Your goal » All the lines below need to be output exactly, apart from any images.
Collected data Block Start
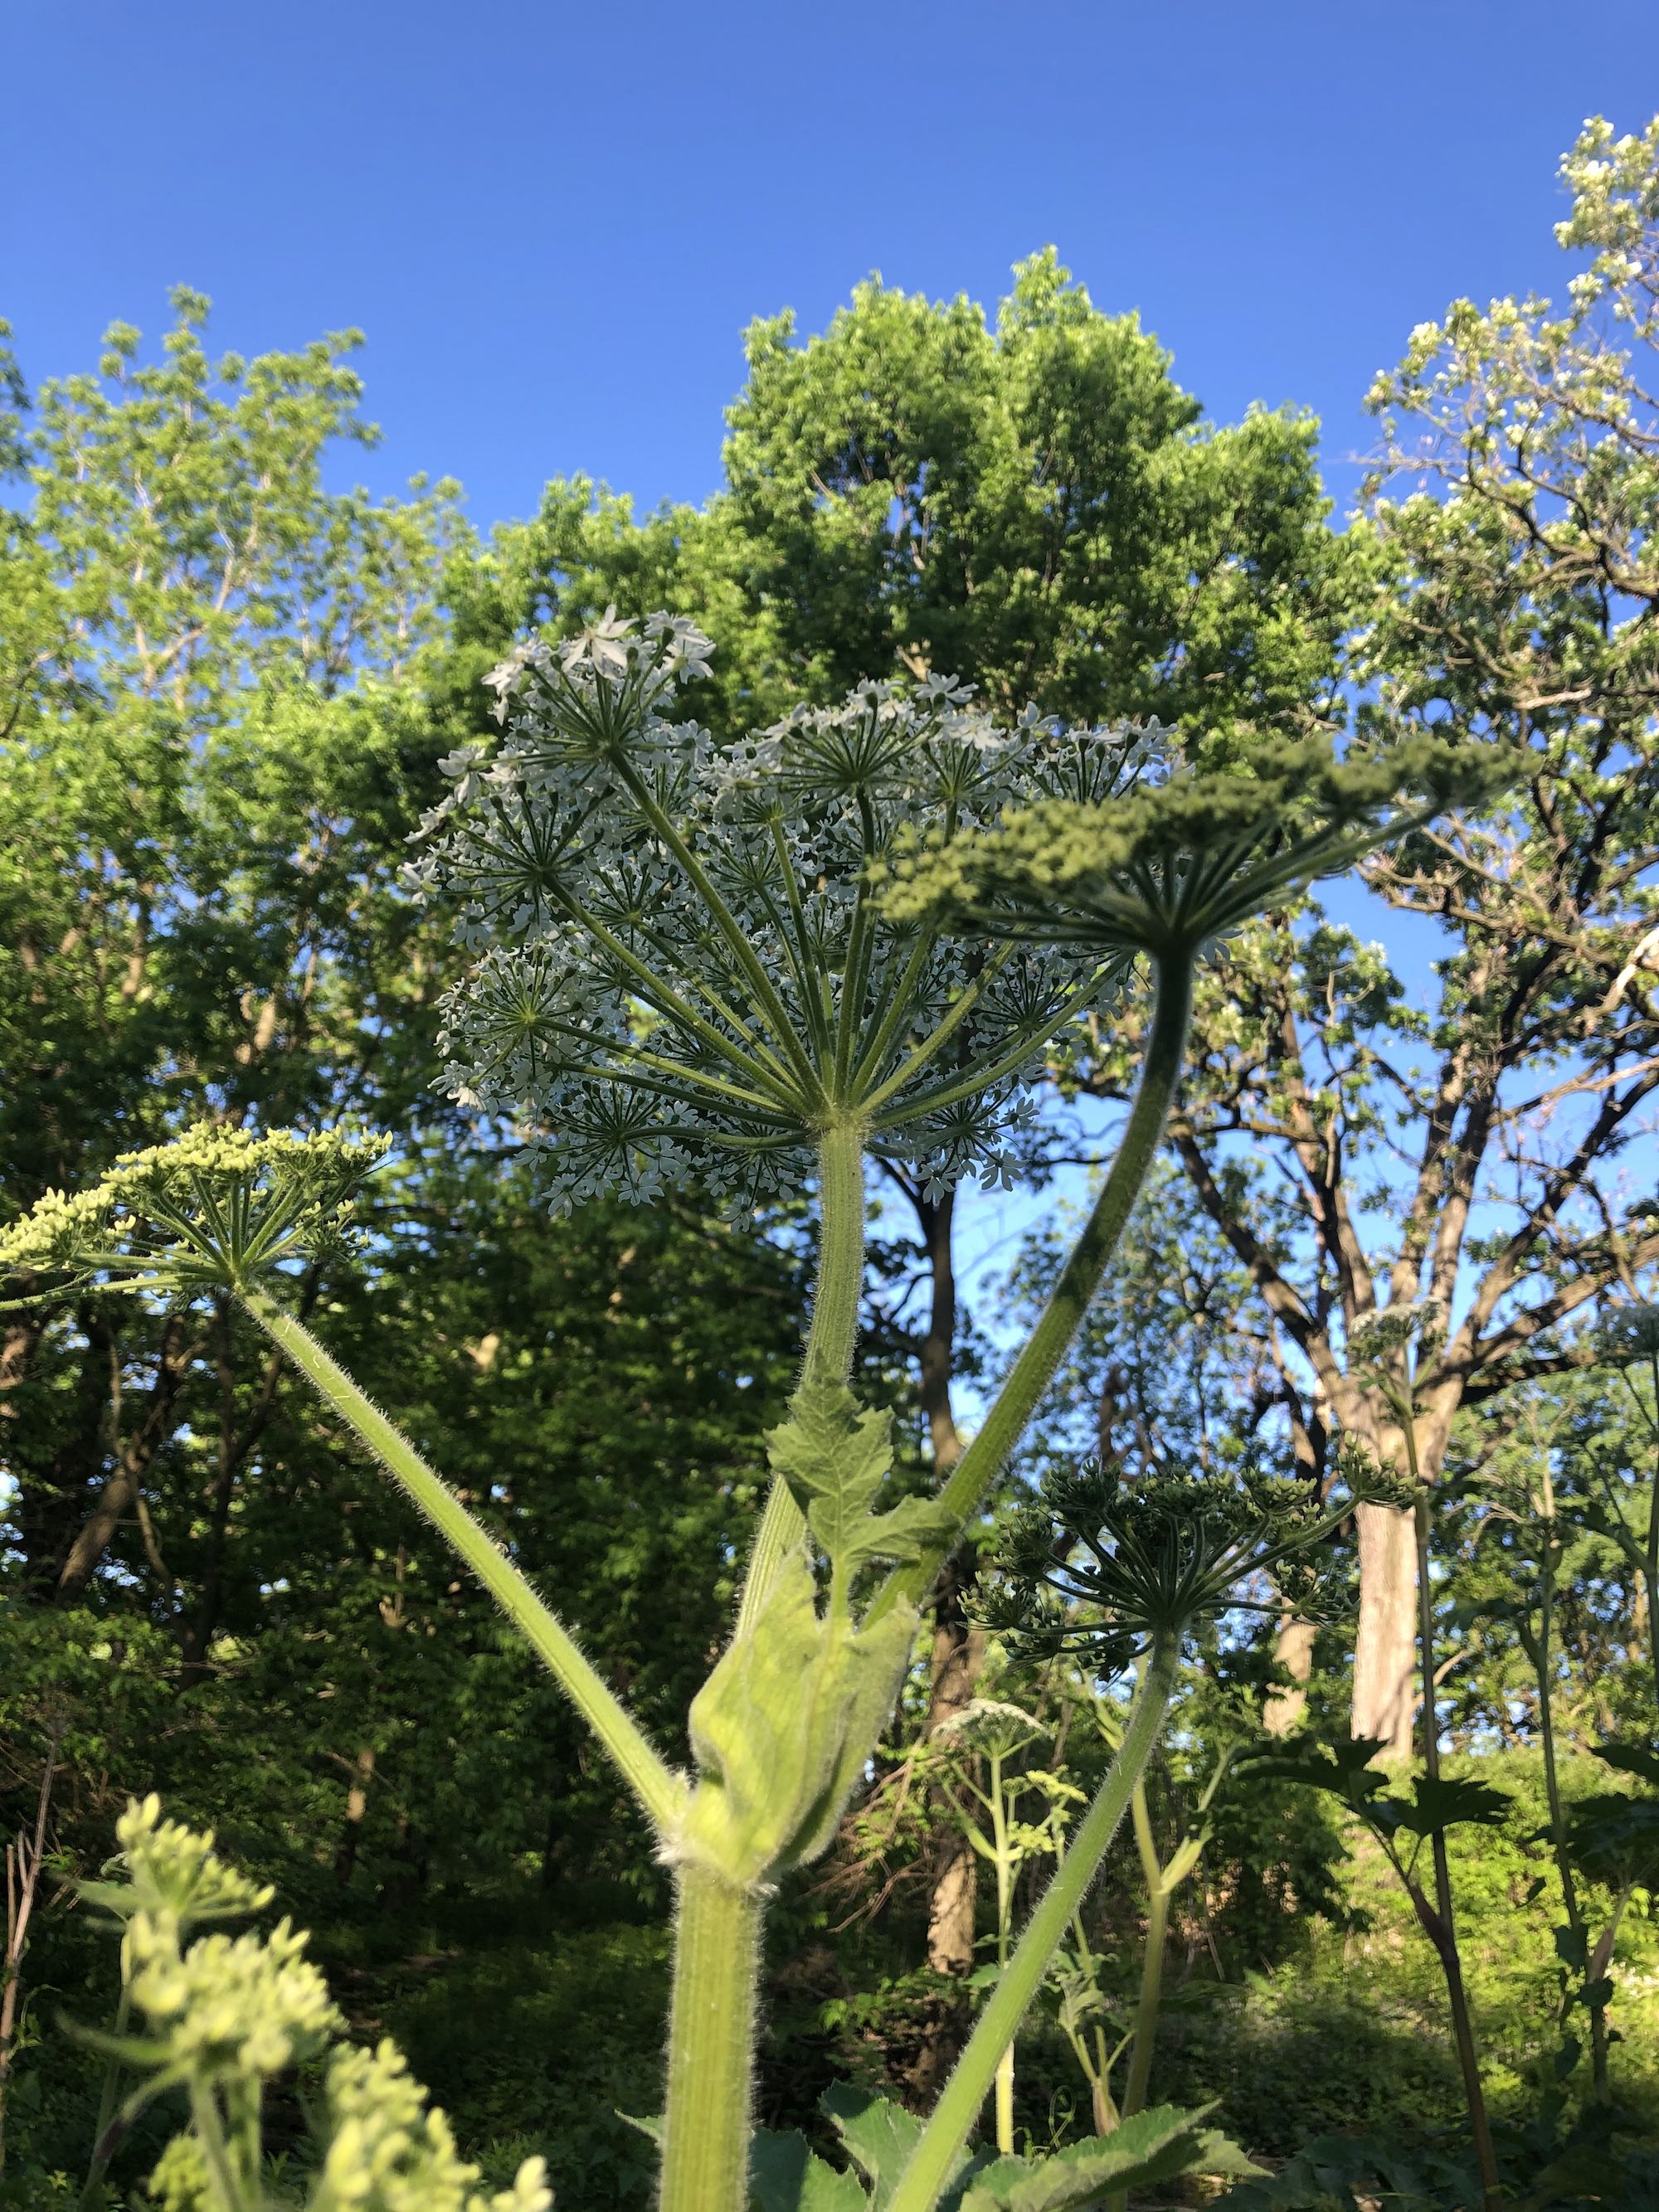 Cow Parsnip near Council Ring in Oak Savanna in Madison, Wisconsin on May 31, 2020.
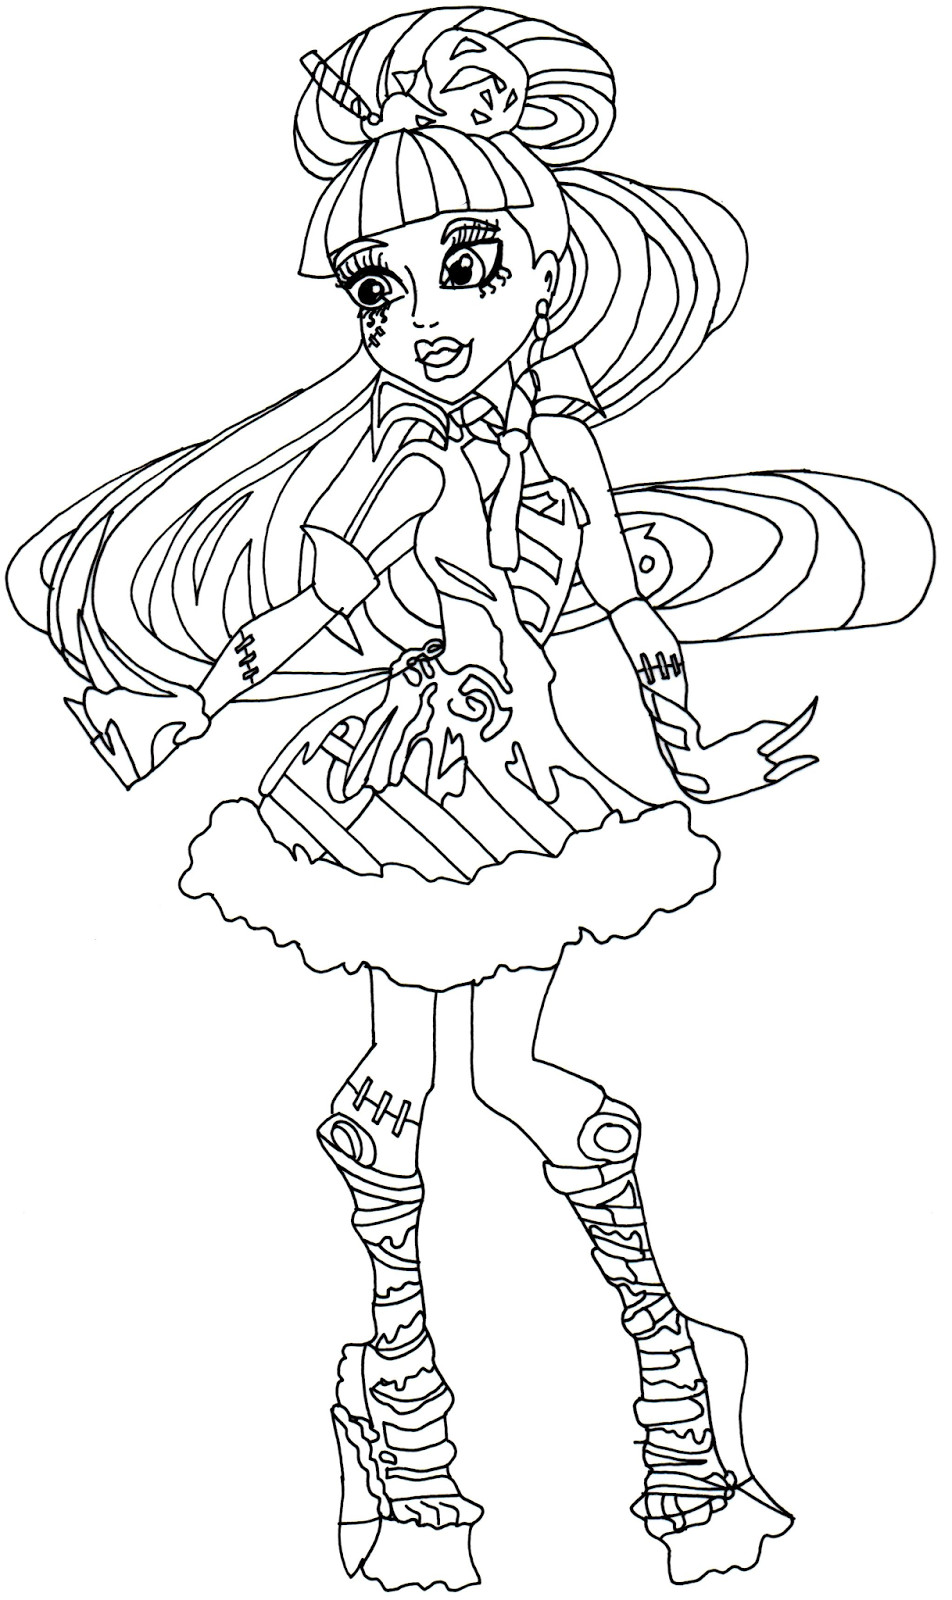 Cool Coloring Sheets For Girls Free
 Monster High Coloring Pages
Collected data Block End
Finished task »
 Cow Parsnip near Council Ring in Oak Savanna in Madison, Wisconsin on May 31, 2020.
 Cool Coloring Sheets For Girls Free
 Monster High Coloring Pages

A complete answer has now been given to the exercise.